Dr Ranfft gives the age of the one listed on his website as c. 1960. Frustratingly I can't make out from his image if the "T" marks are present or not.


----------



## Slim2500 (Jul 10, 2016)

I own a Helvetia from 1955 give or take a year either way it also has 17mm i think the strap is a Hirsch as it was the only one i could find in 17mm the movement in the watch is Cal 830


----------



## martinzx (Aug 29, 2010)

I like that @Boots can you post a picture of the caliber, it will a easier to date.

Cheers Martin :thumbsup:


----------



## Boots (Sep 22, 2018)

martinzx said:


> I like that @Boots can you post a picture of the caliber, it will a easier to date.
> 
> Cheers Martin :thumbsup:


 Sorry Martin, I'd love to, but so far I have failed to get the caseback off. It is a press fit, without any kind of groove or lip. I have tried, but no joy - it hasn't budged. I used Sellotape to try and protect the case, but I'm still worried about scratching the case.

It's going to need to be serviced, as it it losing quite a bit of time. @Simon2 is this a watch you would service?


----------



## vinn (Jun 14, 2015)

are you sure it is a snap back? on a very tight seam, I use a "safety razor blade" and a "jewelers hammer" to start the opening. try not to leave any blood in the case. vin


----------



## JoT (Aug 12, 2003)

@Boots Very nice find, I like it


----------



## Always"watching" (Sep 21, 2013)

Your rather nice Helvetia, dear @Boots will date to the mid or later 1950s and represents a simple hand-wound general timekeeper from the period - simplicity not meaning to be a criticism. I have found that gold plate on many of the simpler watches from the period of your Helvetia has survived far better than one would expect modern gold coatings/plate applied to last on the cheaper watches these days.


----------



## Boots (Sep 22, 2018)

Dear @Always"watching" thanks for the confirmation of a date. No criticism taken, the word "simple" is not a problem here - I come from an engineering background where, generally, simpler is better.

This watch has sat on my desk for most of the week, and I have to say I am really taken with it.


----------



## martinzx (Aug 29, 2010)

Boots said:


> Sorry Martin, I'd love to, but so far I have failed to get the caseback off. It is a press fit, without any kind of groove or lip. I have tried, but no joy - it hasn't budged. I used Sellotape to try and protect the case, but I'm still worried about scratching the case.
> 
> It's going to need to be serviced, as it it losing quite a bit of time. @Simon2 is this a watch you would service?
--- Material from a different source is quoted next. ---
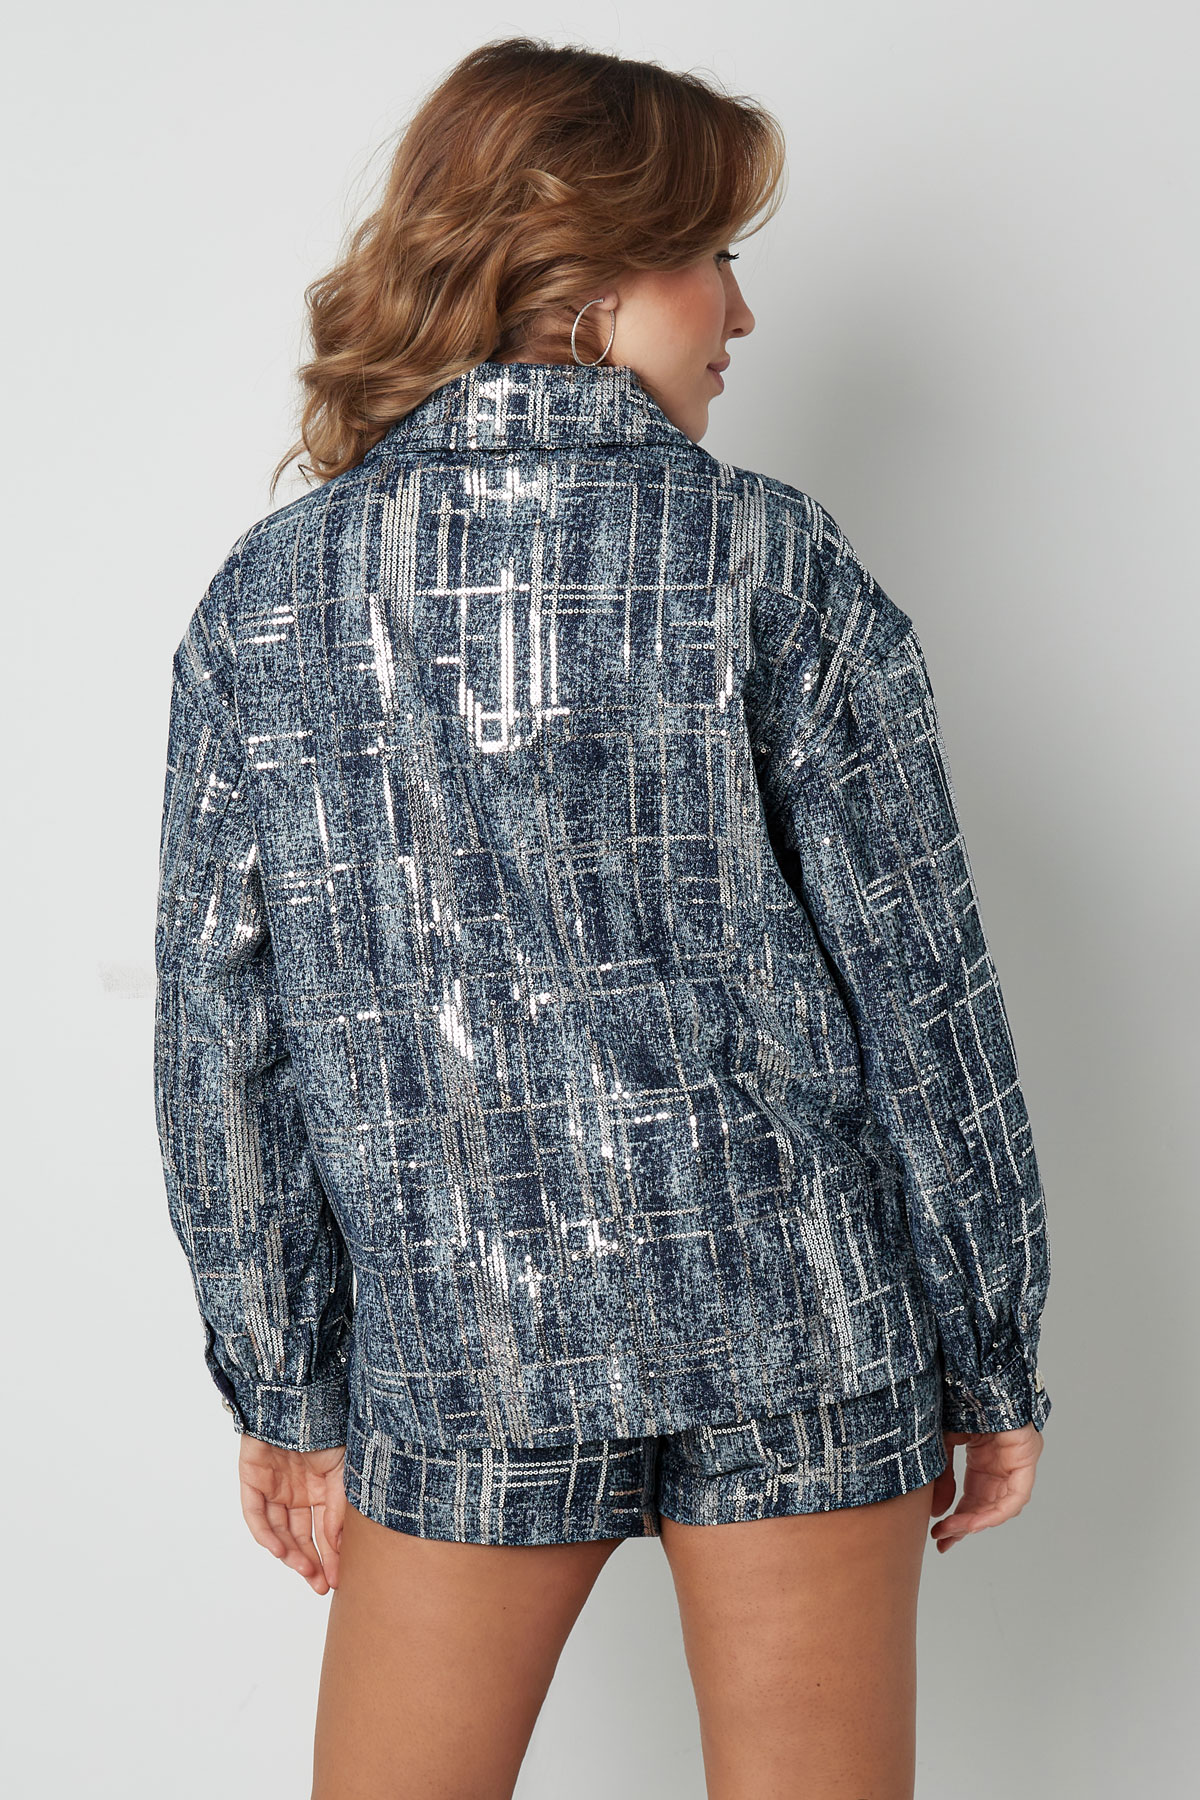 Jacket denim look with sequins - blue - L Picture11

 Have you looked through a loupe, I would guess there is a lip there somewhere, maybe it is covered with grime maybe? I would be bold and give it a go using an appropriate case opining tool of knife edge. Good luck! You can tell from the hands and the letter 'H' it is probably 1950's or possibly early 1960's.

Cheers Martin


----------



## Boots (Sep 22, 2018)

martinzx said:


> Have you looked through a loup﻿e


 Thanks Martin. I had looked with a loupe, but spurred on by your advice I looked again, and I found the smallest of indentations, almost nothing at all. But I tried the case opening tool there and, hey presto!

















So, all excited, I thought this will be a piece of cake to determine its age... off to Dr Ranfft.

But, Helvetia 831 movement shown there is a Dugena 997 (I assume this is a re-worked version of the Helvetia 831 as this identification is also shown on the movement). But the A/R adjustment is different - mine has this unusual (to my inexperienced eyes) geared drive, but Dr Ranfft's example has a much more traditional lever. I checked all of the Helvetia calibers, and none show this geared A/R adjustment.

Dr Ranfft sadly does not give a date range for this caliber, but gives the Dugena example as 1965.

In conclusion, I think we are one step forward, and half a step back. Anywhere from early to mid 1960s.

By the way, of course, by getting the back off, I have found more grime to clean up! But I shall have to proceed with even more care here.


----------



## martinzx (Aug 29, 2010)

Boots said:


> Thanks Martin. I had looked with a loupe, but spurred on by your advice I looked again, and I found the smallest of indentations, almost nothing at all. But I tried the case opening tool there and, hey presto!
> 
> So, all excited, I thought this will be a piece of cake to determine its age... off to Dr Ranfft.
> 
> ...


 Great fun! Well done! Well let the research continue!
I would guess late 1950's early 1960's :thumbs_up:

I must admit the gear adjustment is very interesting and may help you date it more accurately... I just love vintage watches, you never know what surprises lay hidden under the surface !!

Good luck


----------